- _To do_
Output all the data exactly. Pictures do not belong in the copy.

- _Supplied material_
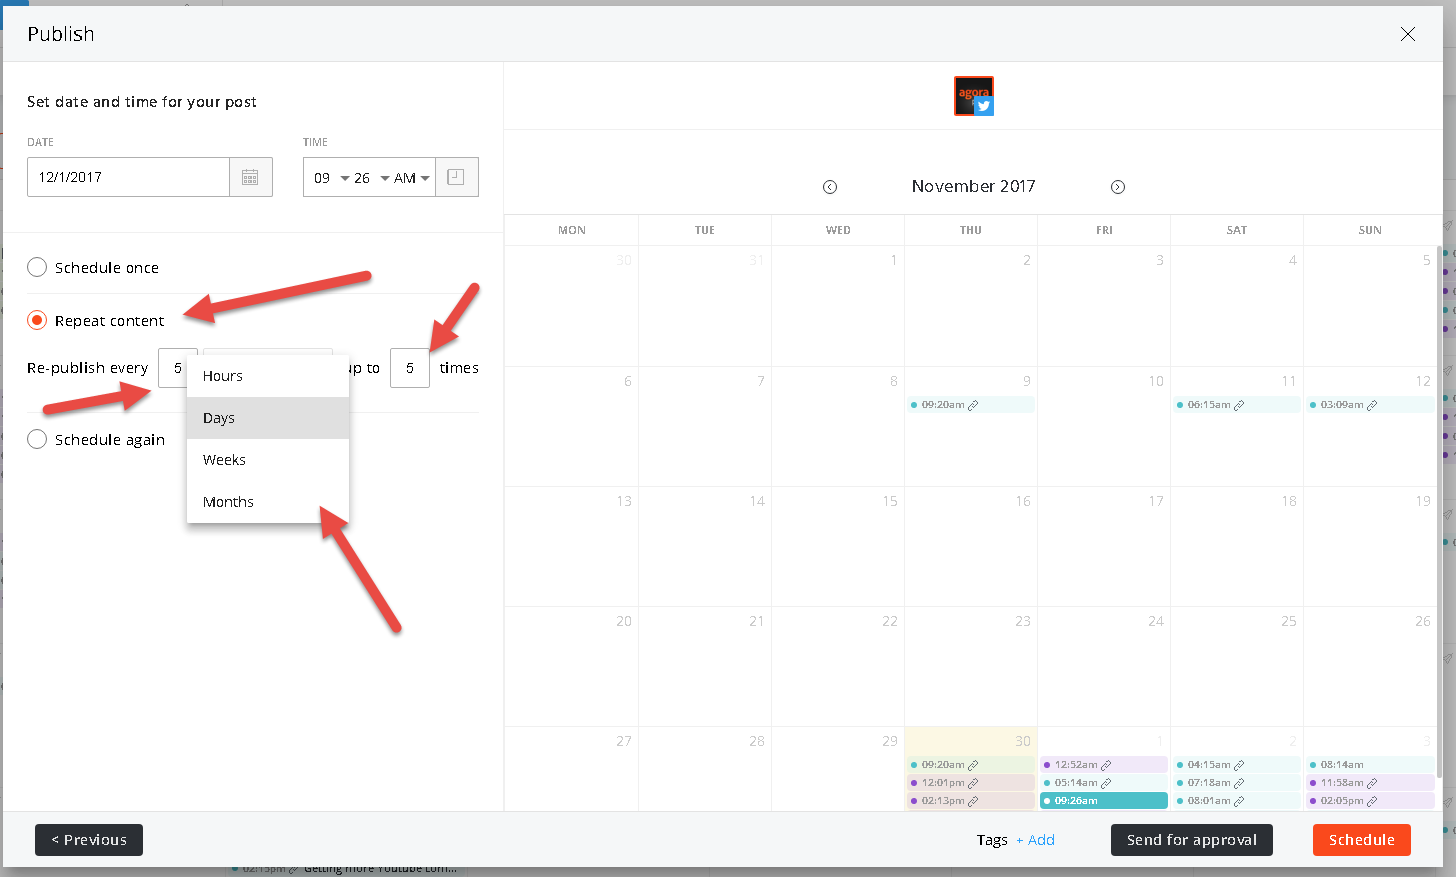 scheduling evergreen content
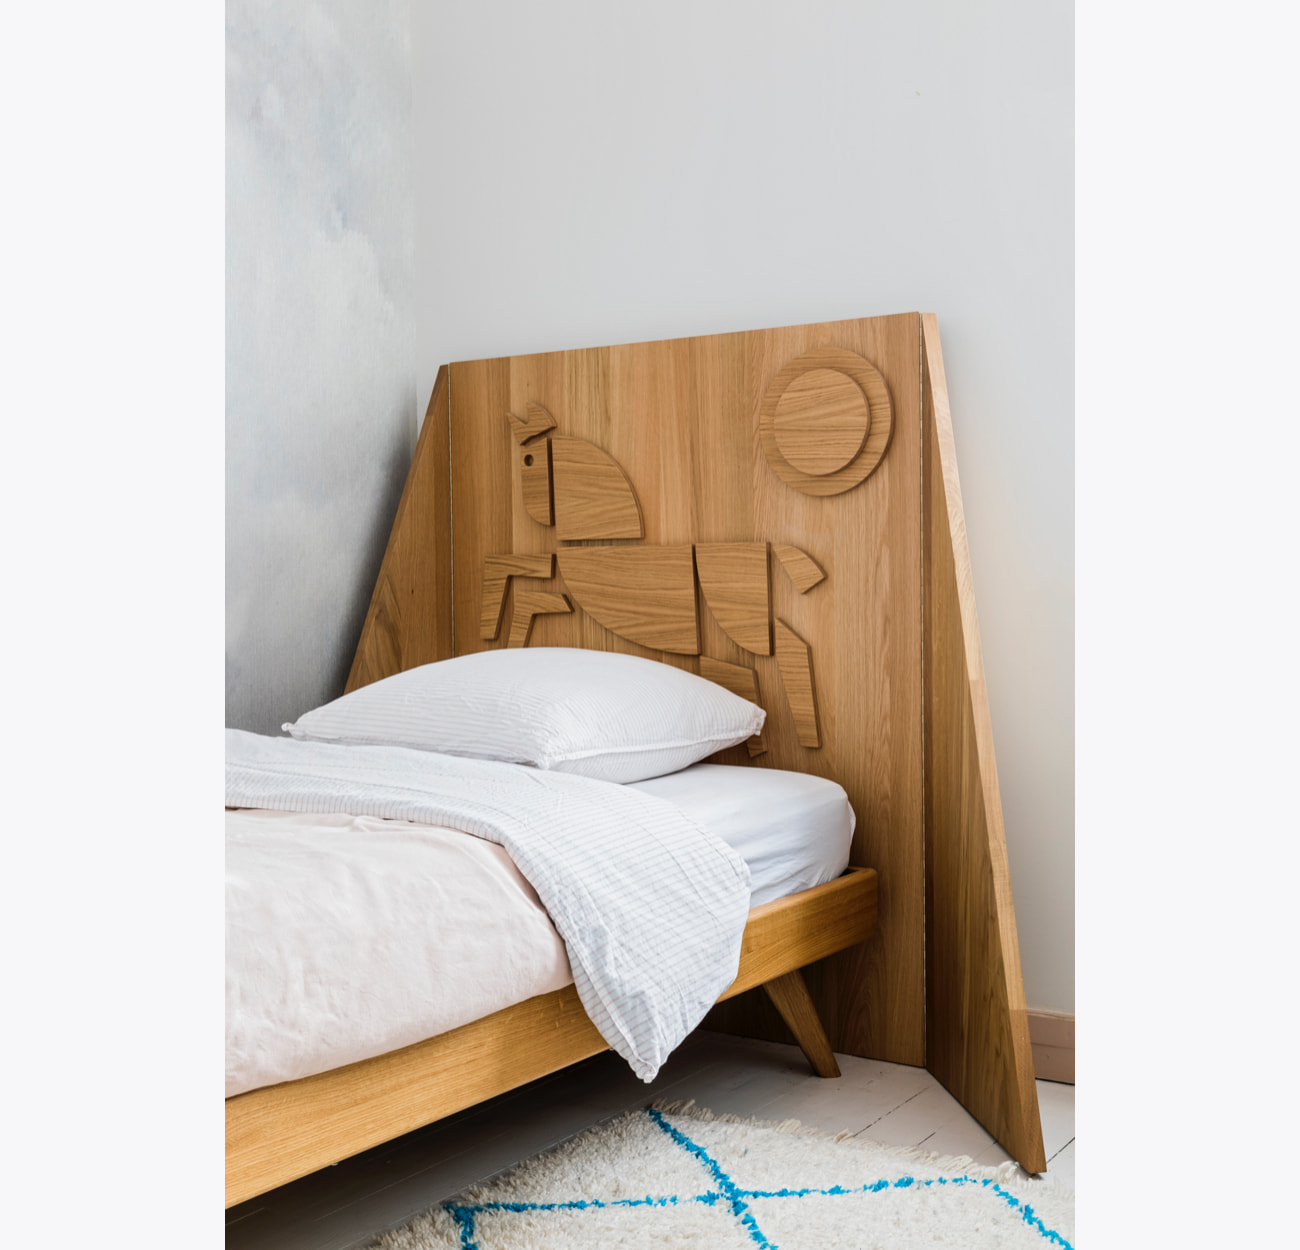 furniture-bed-headboard-horse-the-hansen-family-2
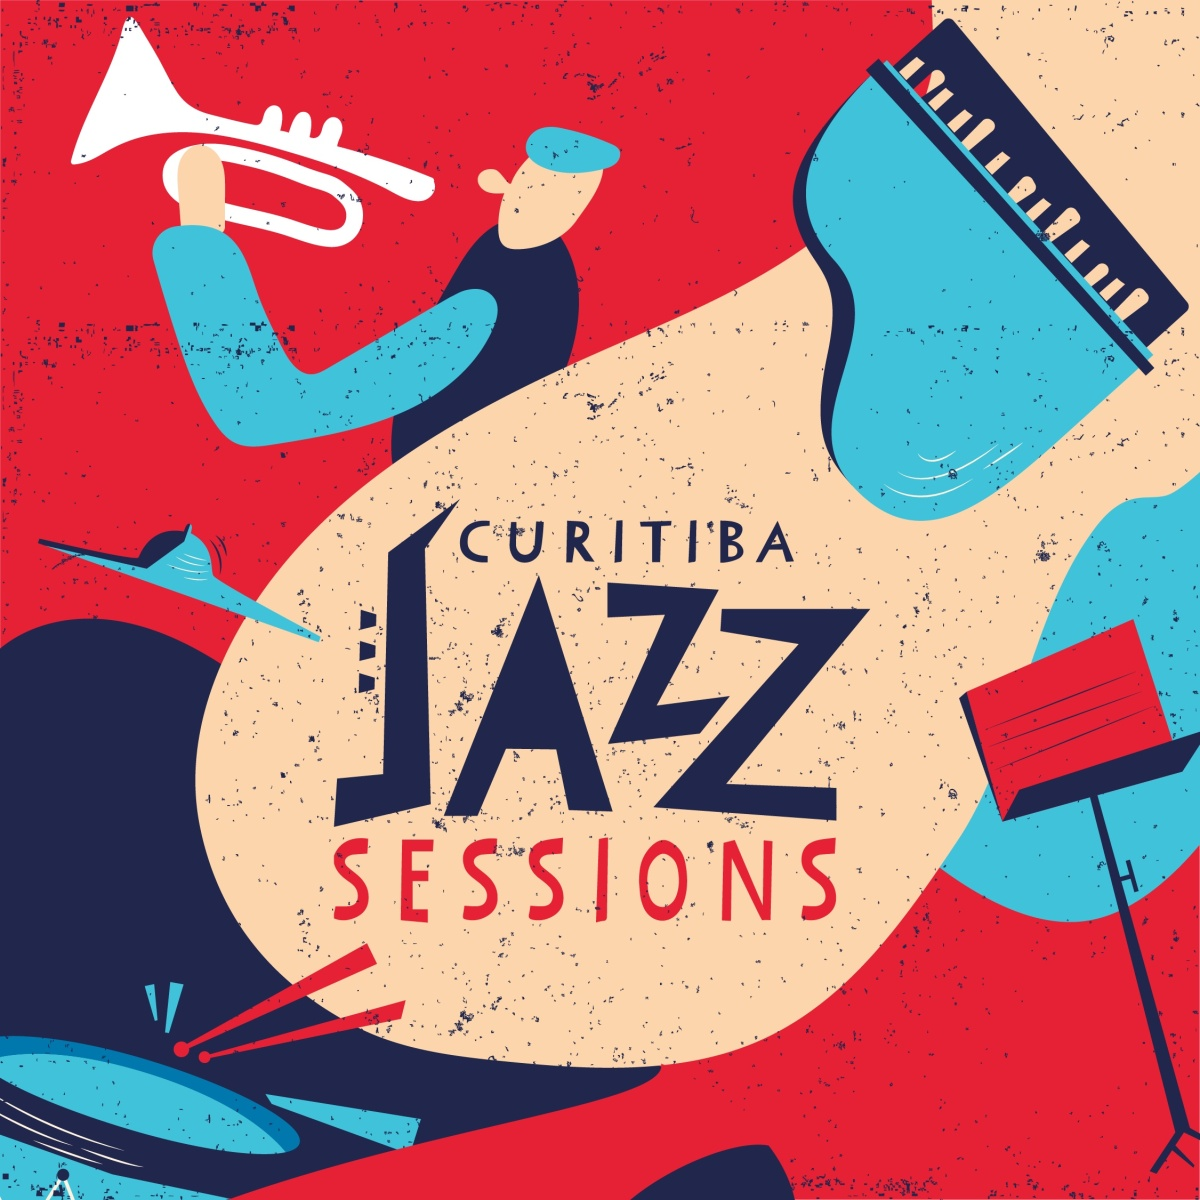 1º Curitiba Jazz Sessions

- _Answer section_
 scheduling evergreen content
 furniture-bed-headboard-horse-the-hansen-family-2
 1º Curitiba Jazz Sessions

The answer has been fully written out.